Consider a human who has access to a question-answering machine. Suppose the machine answers questions by perfectly imitating what the human would do if asked that question.
To make things twice as tricky, suppose the human-to-be-imitated is herself able to consult a question-answering machine, which answers questions by perfectly imitating what the human would do if asked that question…
Let’s call this process HCH, for “Humans Consulting HCH.”
I’ve talked about many variants of this process before, but I find it easier to think about with a nice handle. (Credit to Eliezer for proposing using a recursive acronym.)
HCH is easy to specify very precisely. For now, I think that HCH is our best precisely specified model for “a human’s enlightened judgment.” It’s a pretty problematic model, but we don’t yet have many contenders.

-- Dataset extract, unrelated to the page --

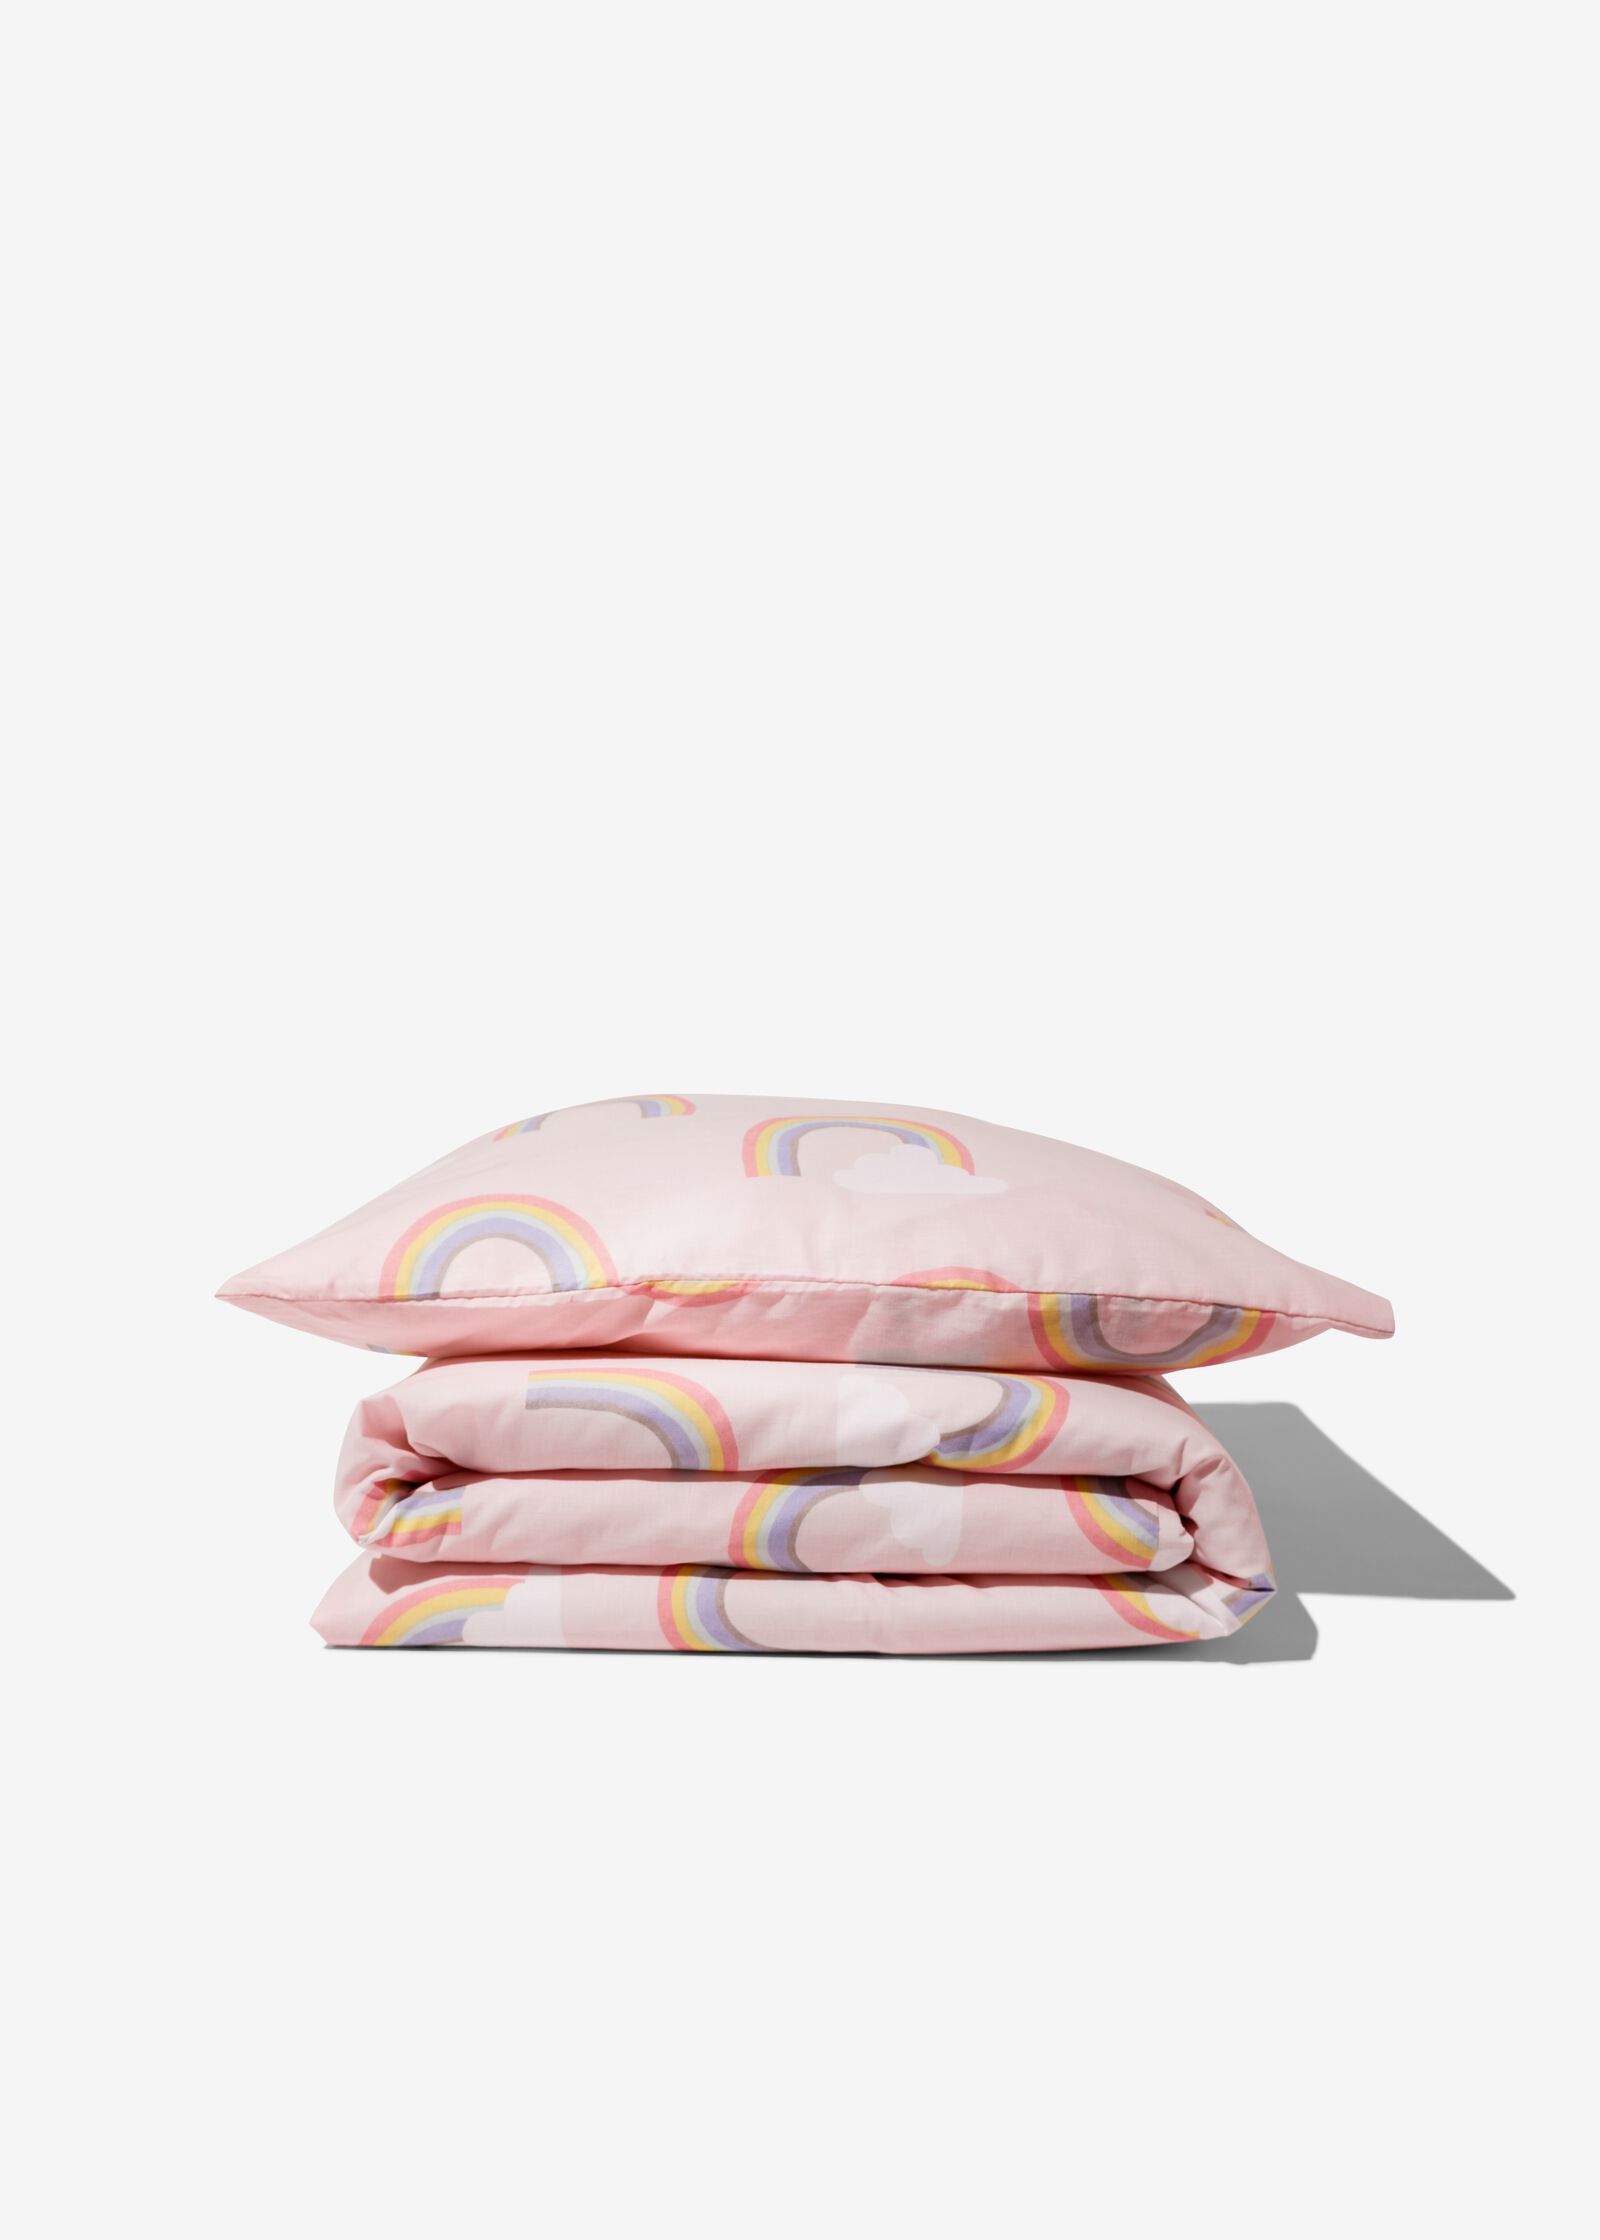 Kinder-Bettwäsche, 120 x 150 cm, Soft Cotton, Regenbogen - 5760050 - HEMA

We can also define realizable variants of this inaccessible ideal.
- For a particular prediction algorithm P, define HCHᴾ as:
“P’s prediction of humans consulting HCHᴾ”
- For a reinforcement learning algorithm A, define max-HCHᴬ as:
“A’s output when maximizing the score assigned to that output by humans consulting max-HCHᴬ”

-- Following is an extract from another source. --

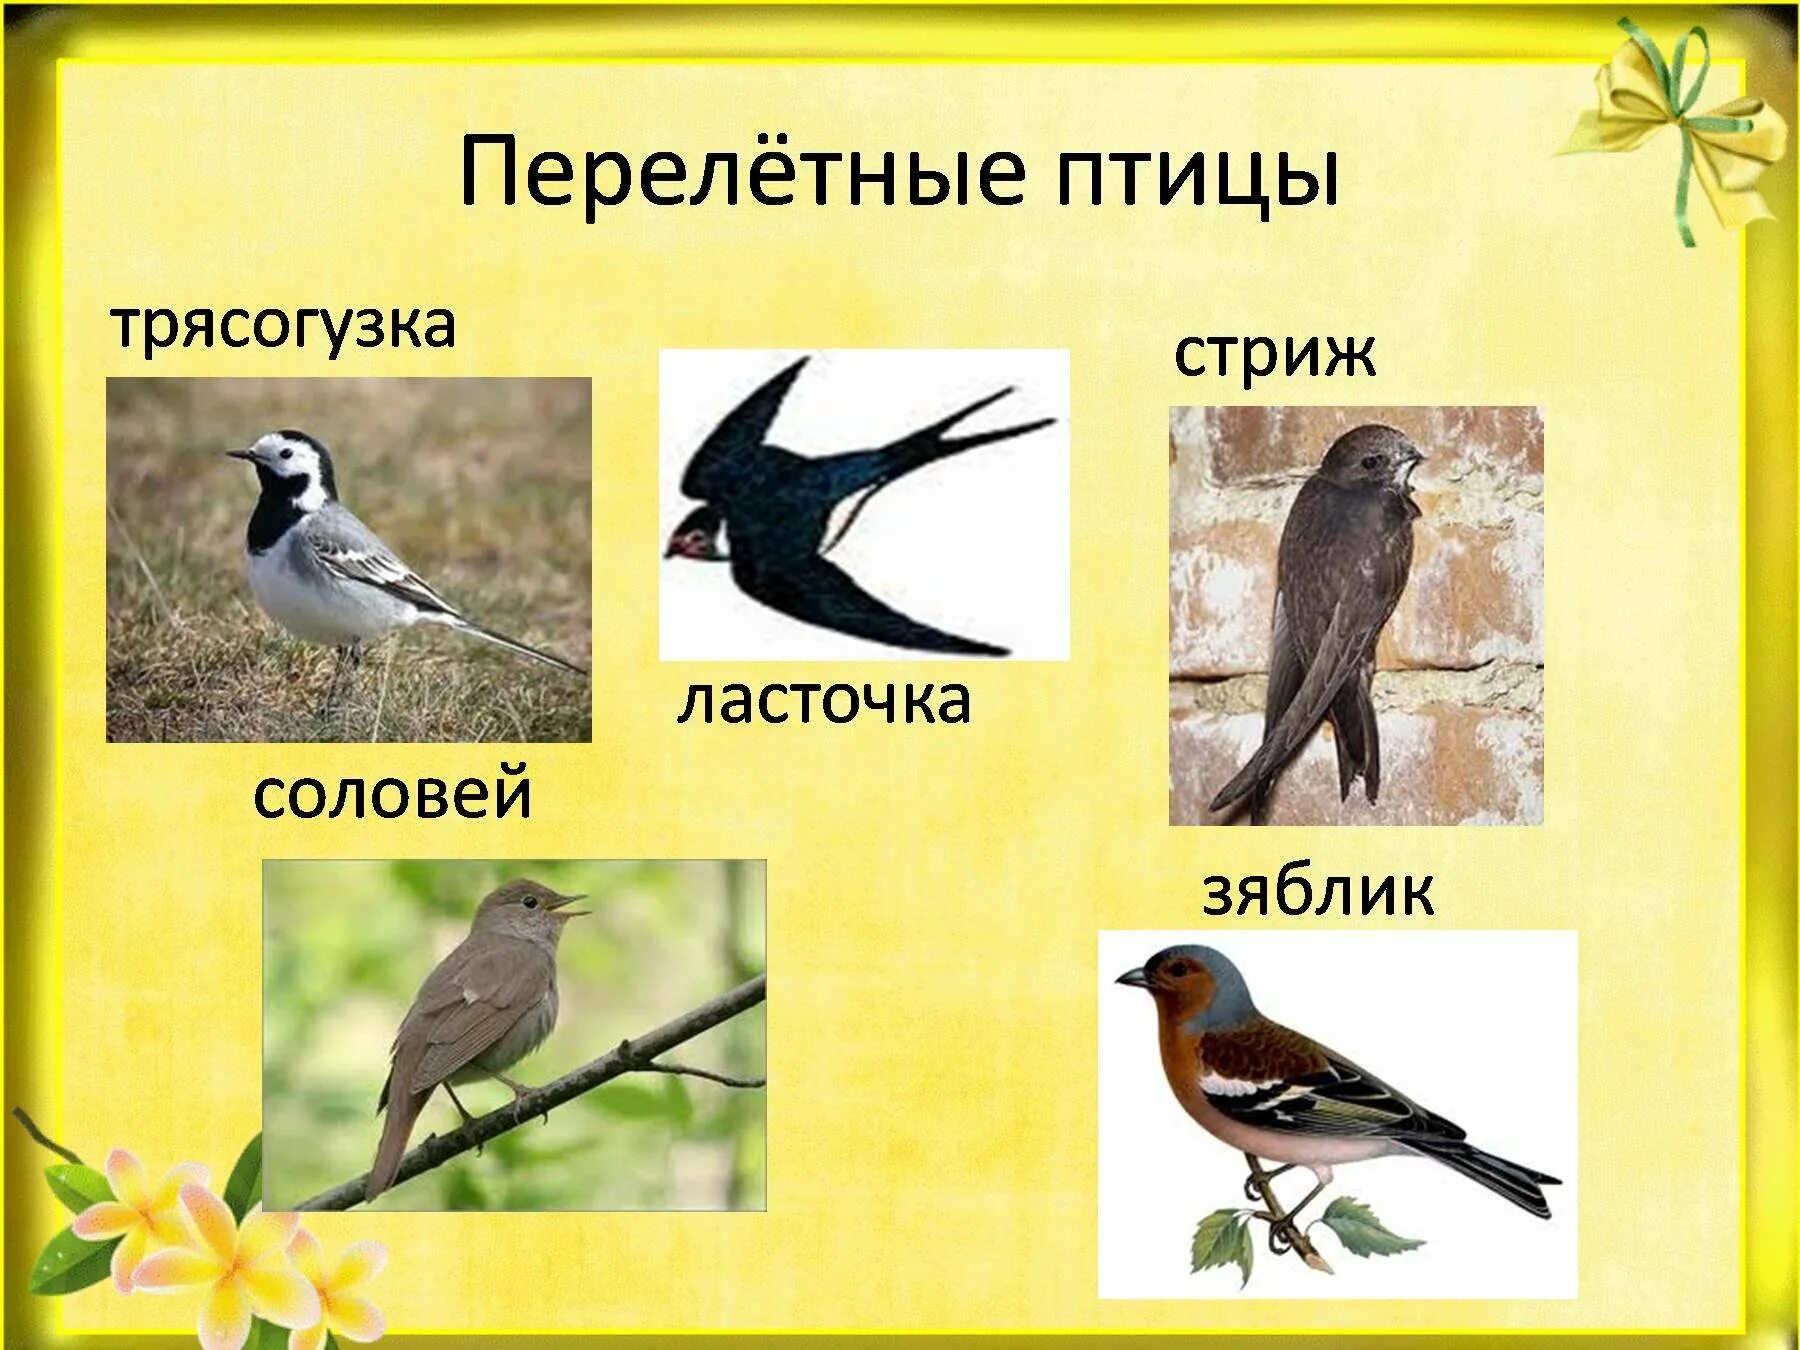 Перелетные птицы. Перелетные птицы для дошкольников. Перелётные птицы картинки. Перелётные птицы весной для дошкольников.

- For a given market structure and participants, define HCHᵐᵃʳᵏᵉᵗ as:
“market estimates about humans consulting HCHᵐᵃʳᵏᵉᵗ”
Note that e.g. max-HCHᴬ is totally different from “A’s output when maximizing the score assigned to that output by HCH.”
The latter proposal is essentially abstract approval-direction. It seems much more likely to yield good actions than max-HCHᴬ. But we can’t provide any feedback on the scores assigned by HCH, which makes it impossible to train the abstract version using conventional techniques. On the other hand it is much easier to implement HCHᴾ or max-HCHᴬ or HCHᵐᵃʳᵏᵉᵗ.
The best case is that HCHᴾ, max-HCHᴬ, and HCHᵐᵃʳᵏᵉᵗ are:
- As capable as the underlying predictor, reinforcement learner, or market participants.
- Aligned with the enlightened judgment of the human, e.g. as evaluated by HCH.
(At least when the human is suitably prudent and wise.)
It is clear from the definitions that these systems can’t be any more capable than the underlying predictor/learner/market. I honestly don’t know whether we should expect them to match the underlying capabilities. My intuition is that max-HCHᴬ probably can, but that HCHᴾ and HCHᵐᵃʳᵏᵉᵗ are much dicier.
It is similarly unclear whether the system continues to reflect the human’s judgment. In some sense this is in tension with the desire to be capable — the more guarded the human, the less capable the system but the more likely it is to reflect their interests. The question is whether a prudent human can achieve both goals.